Informational privacy is a part of what businesses like WhatsApp are “selling,” she said, and any unauthorised access interferes with that sale.
Hamilton argued in her ruling that the evidence at trial demonstrated NSO had repeatedly reverse-engineered WhatsApp’s code to evade detection and bypass security fixes by installing its spyware Pegasus on users’ phones.
NSO was established in Herzliya, an Israeli port city close to Tel Aviv, in 2010 and has its headquarters there.
Operators can remotely install spyware into devices using Pegasus, a highly invasive program designed to aid in the fight against crime and terrorism.

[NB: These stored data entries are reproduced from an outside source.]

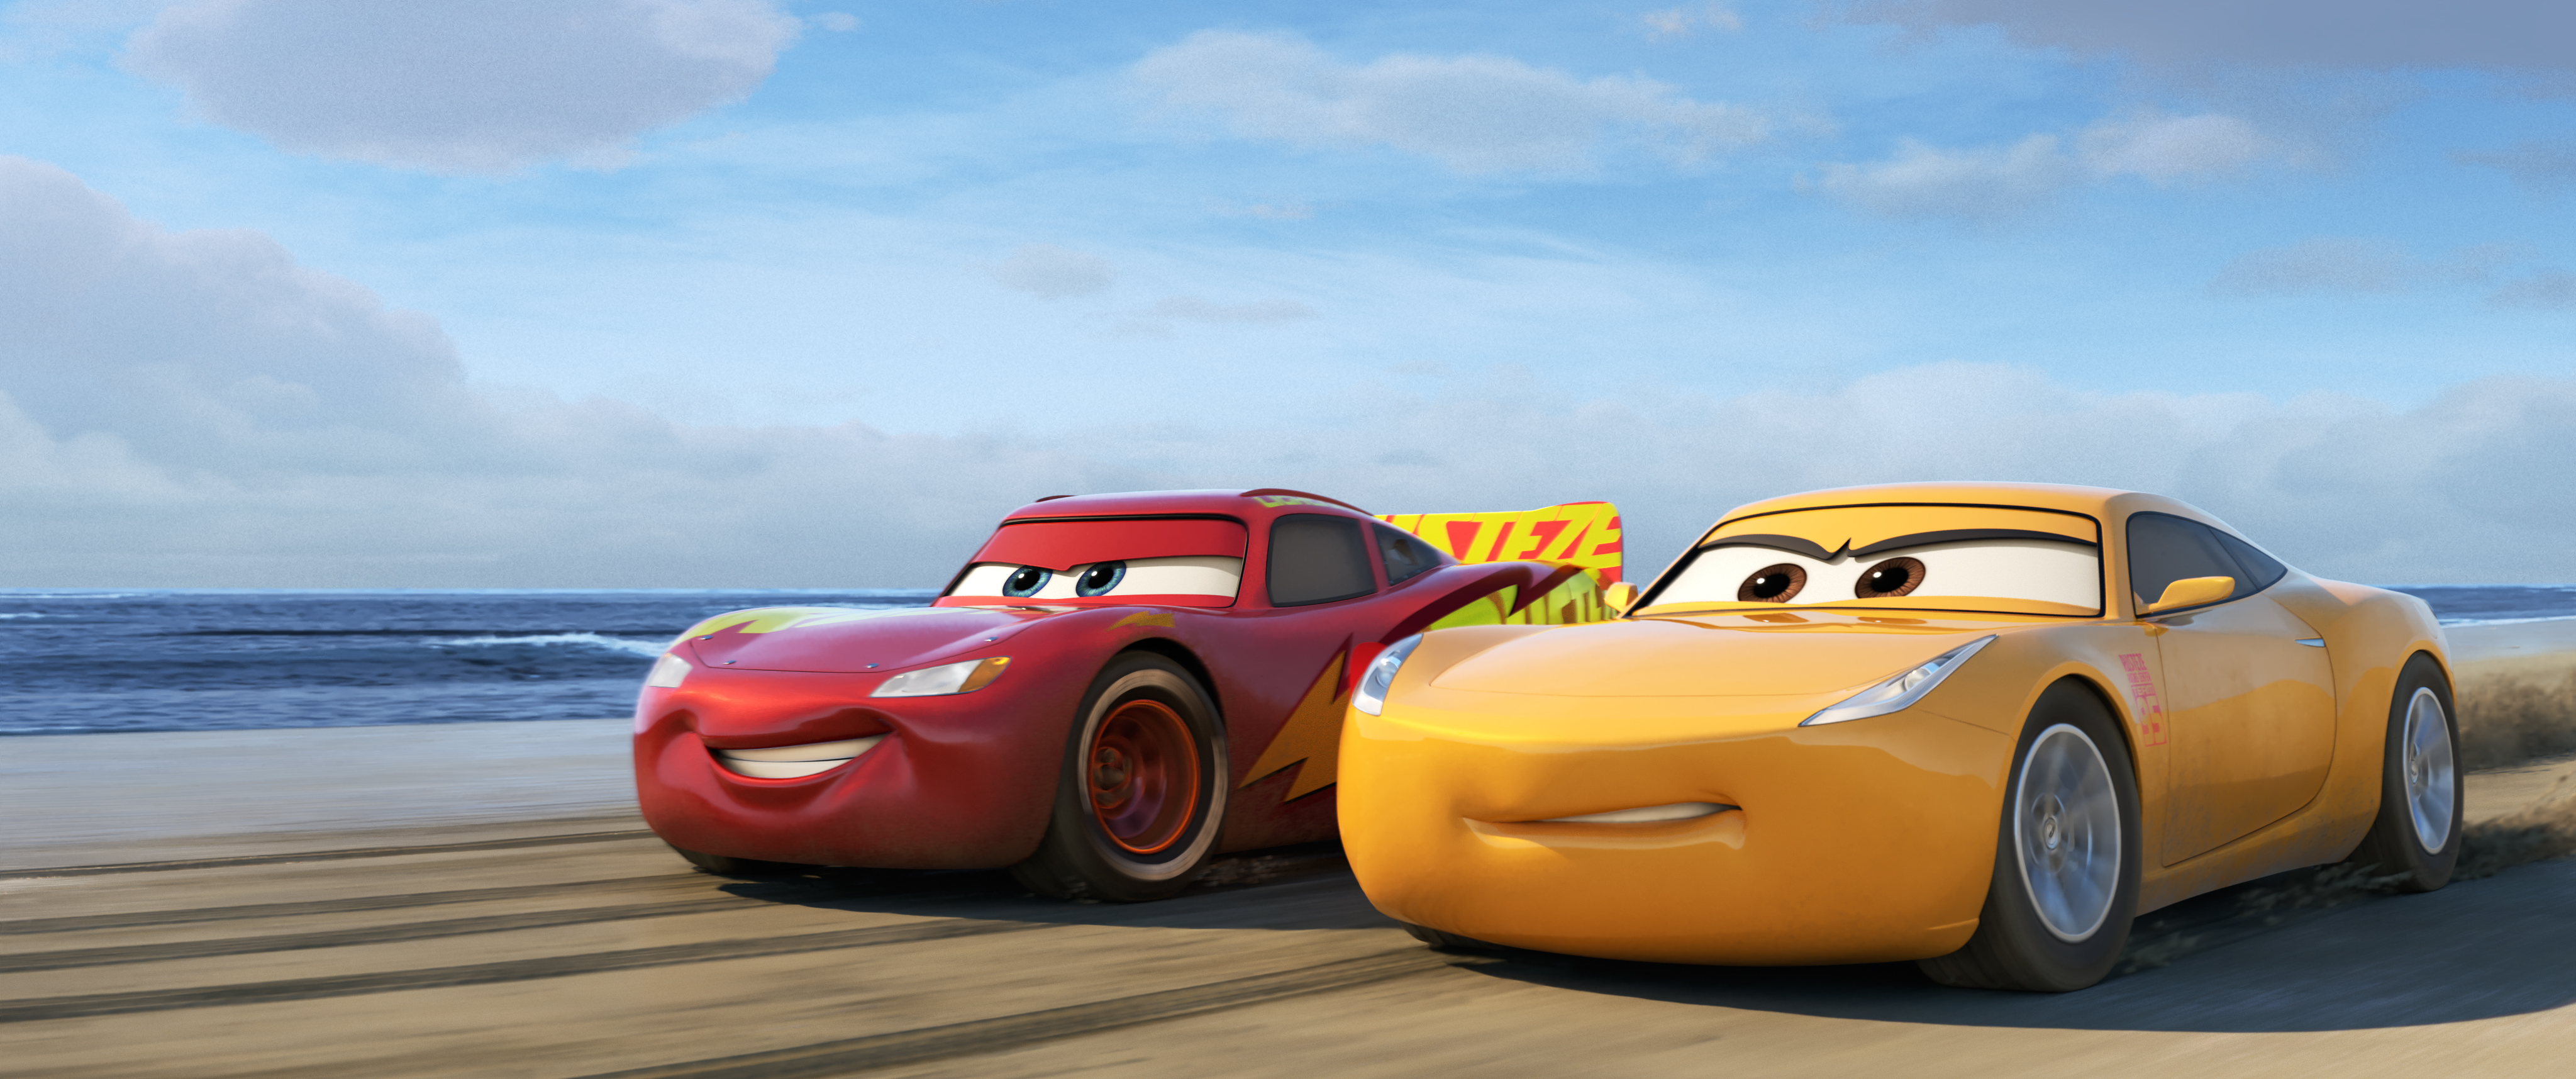 I'm heading to the Disney Pixar Cars 3 and More!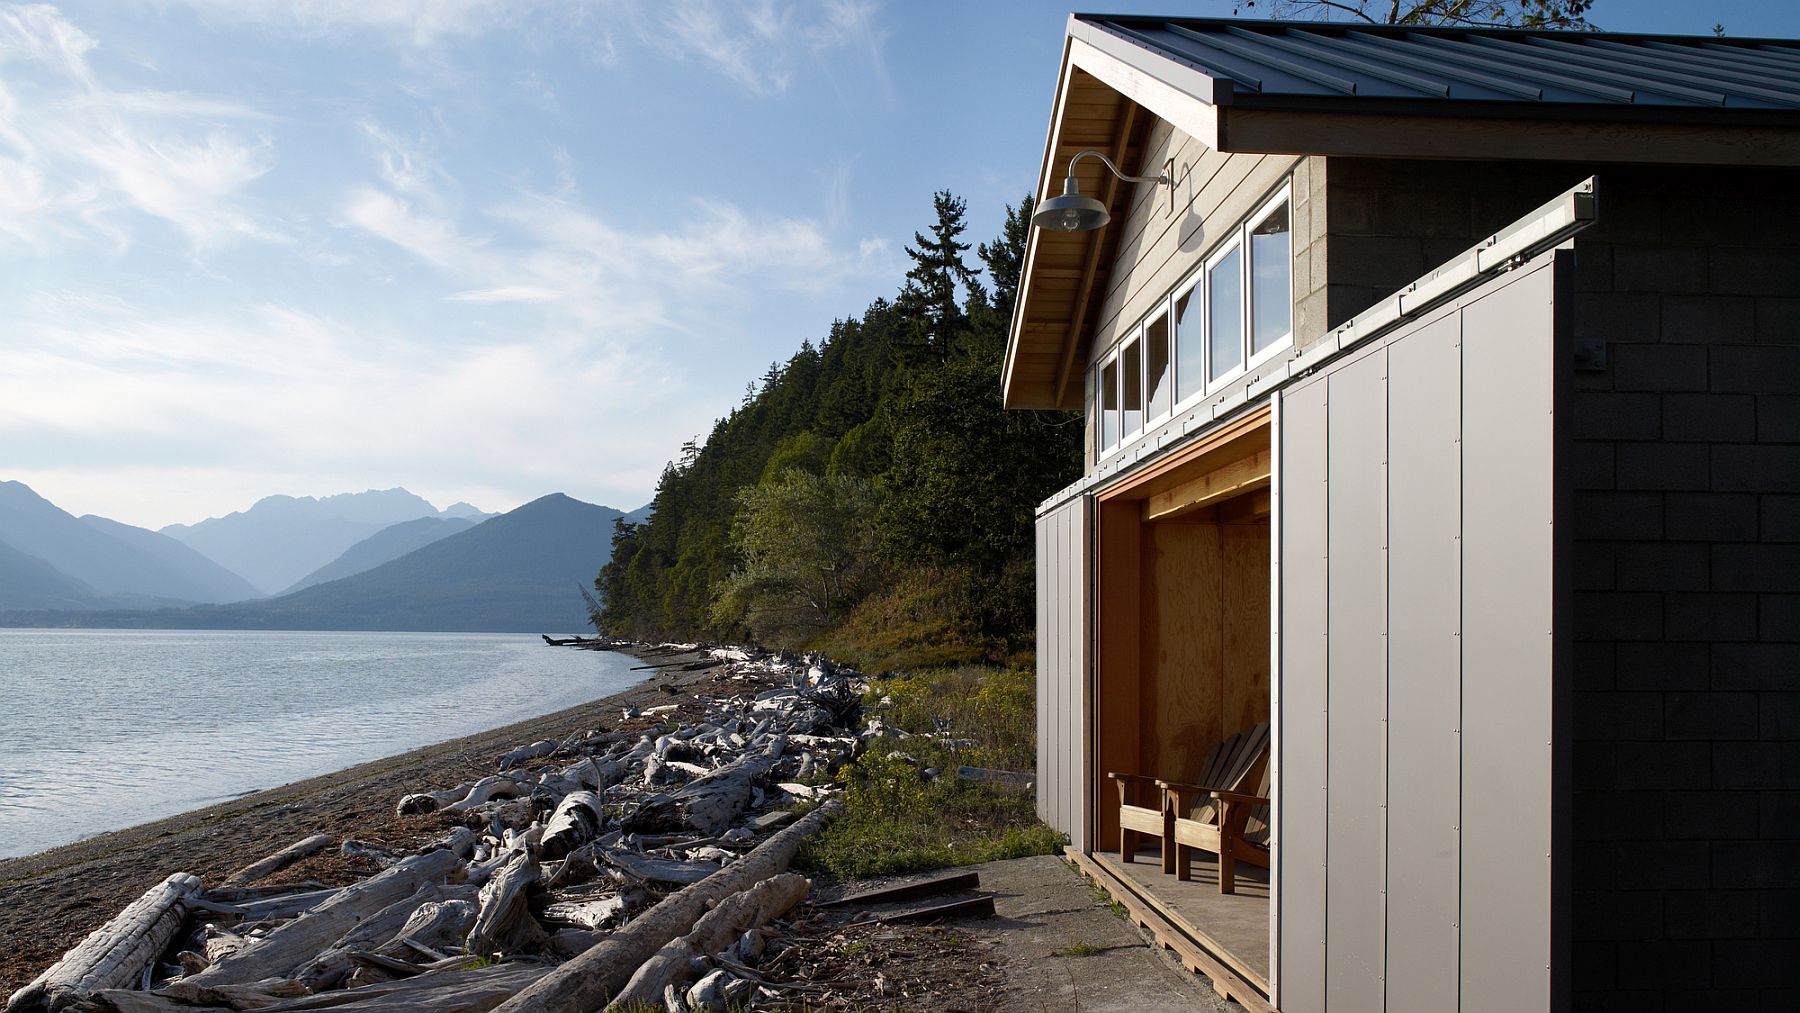 Exquisite-views-and-amazing-landscape-at-the-Hood-Canal-Boat-House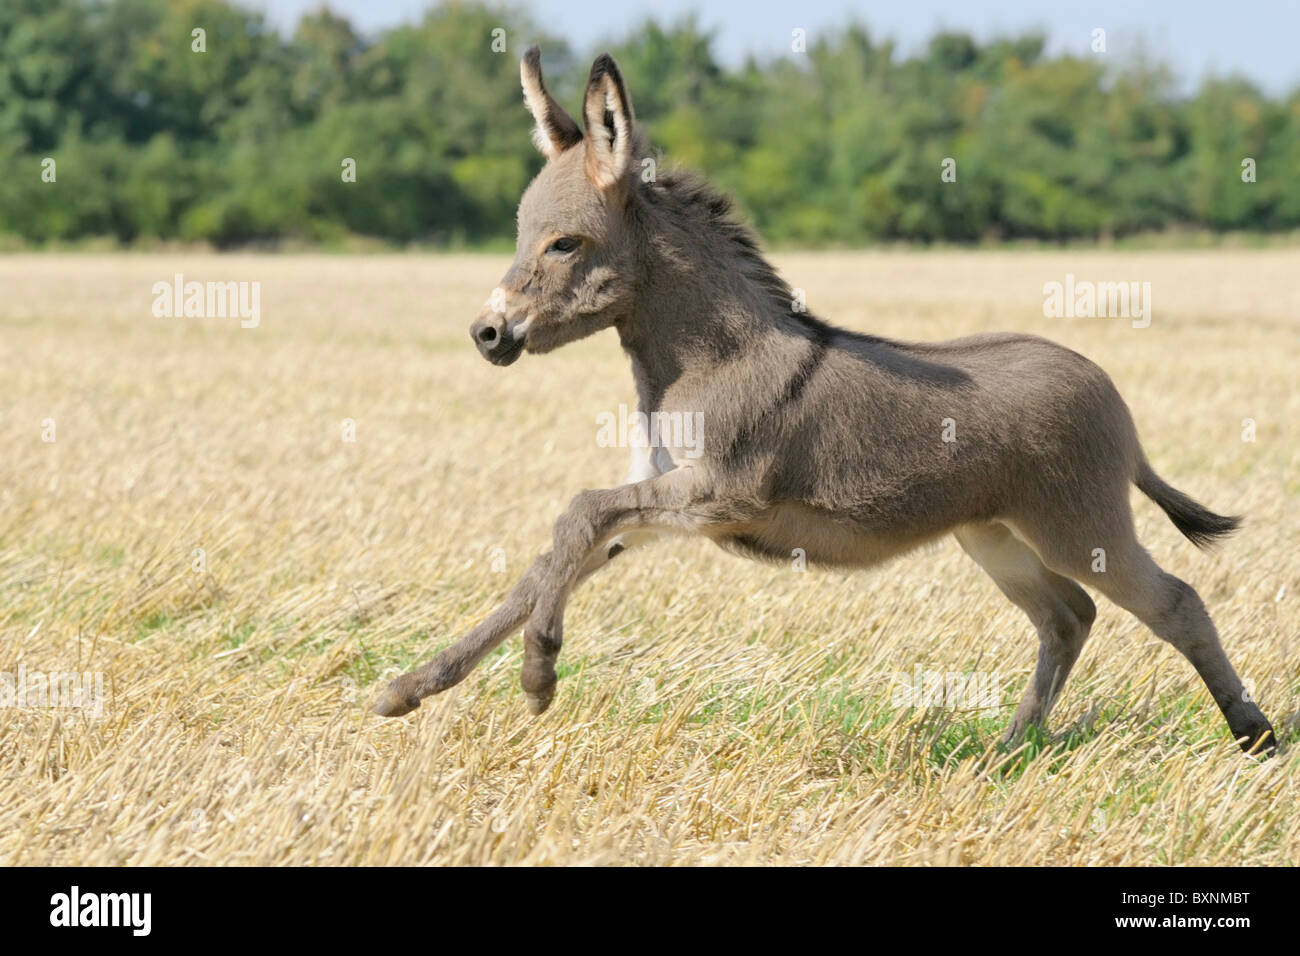 Donkey foal galloping in a field Stock Photo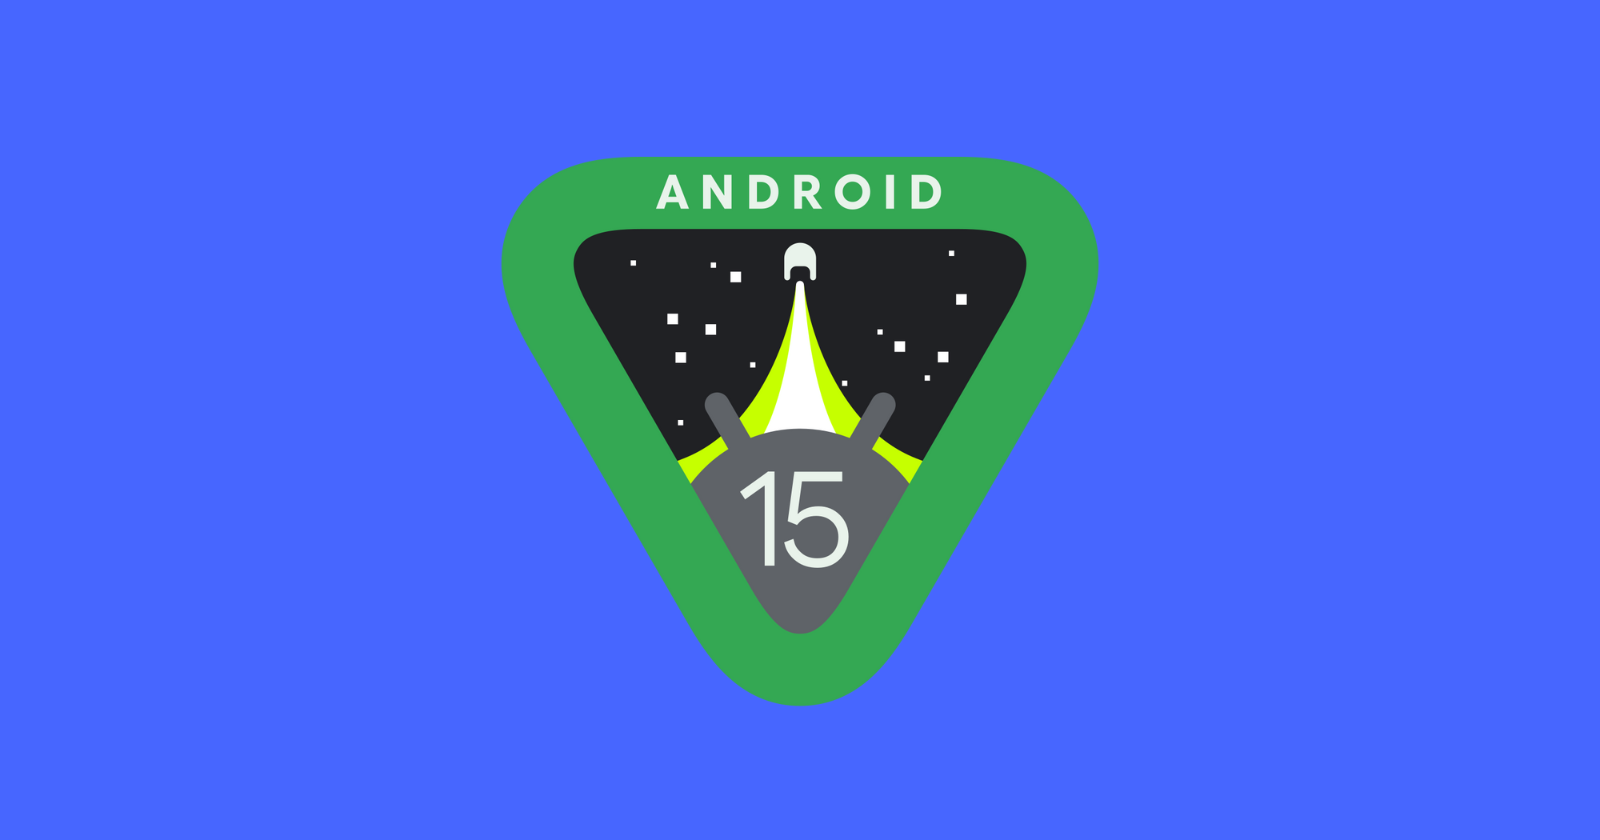 Android 15 - اندرويد 15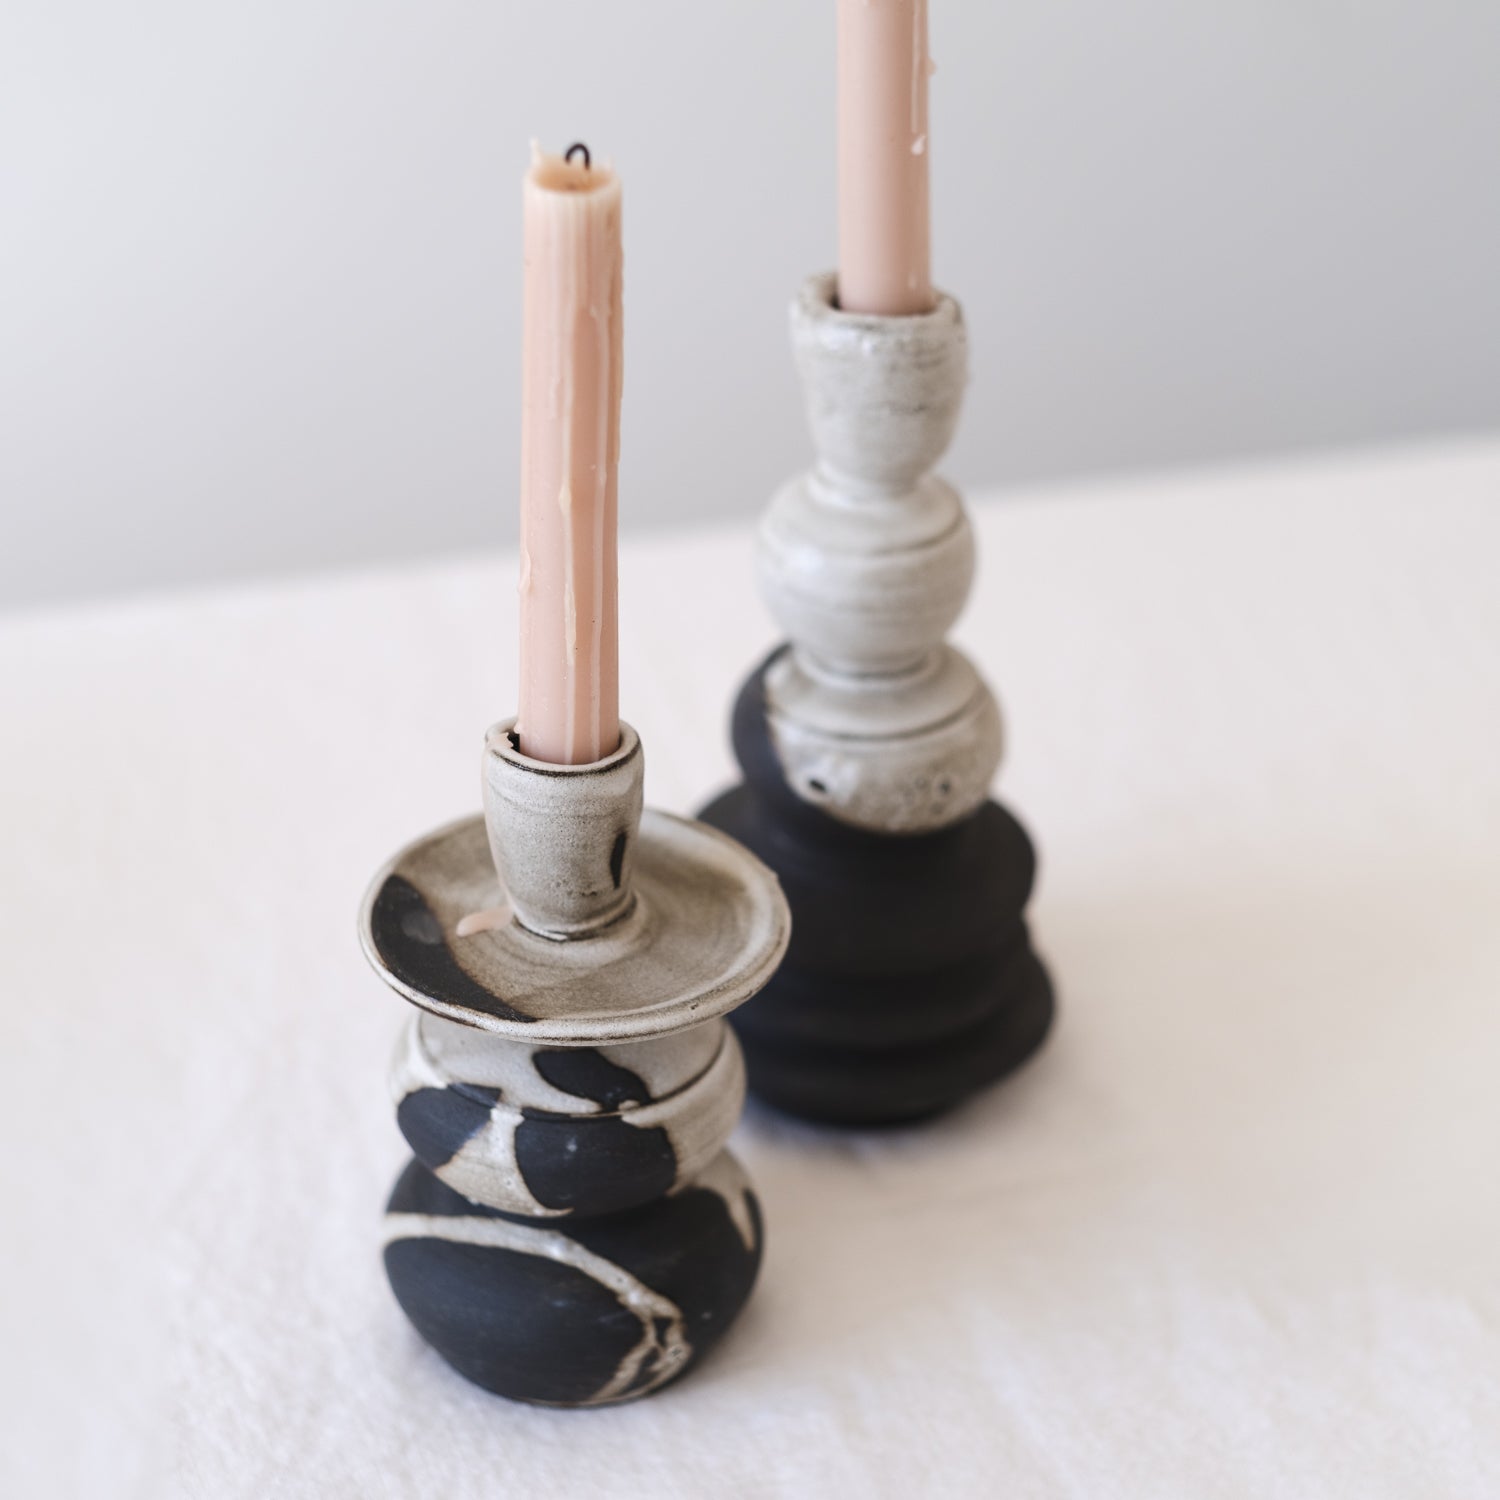 Small Handmade Ceramic Candle Holder in Black and White with a soft pink tapered candle

NSO claims that NSO only sells the spyware to government intelligence and law enforcement organizations that have been thoroughly checked. However, in late 2019, the owner of WhatsApp, Meta, filed a lawsuit in California federal court, accusing NSO of using its spyware to target journalists, lawyers, and human rights activists.
National governments, some of which have poor human rights records, have also used NSO’s software to attack critics, according to independent experts.
Given NSO’s “multiple design-arounds” to infect WhatsApp users, including missed phone calls and “zero-click” attacks, as well as the “covert nature” of the firm’s work more generally, Judge Hamilton said her broad injunction was appropriate.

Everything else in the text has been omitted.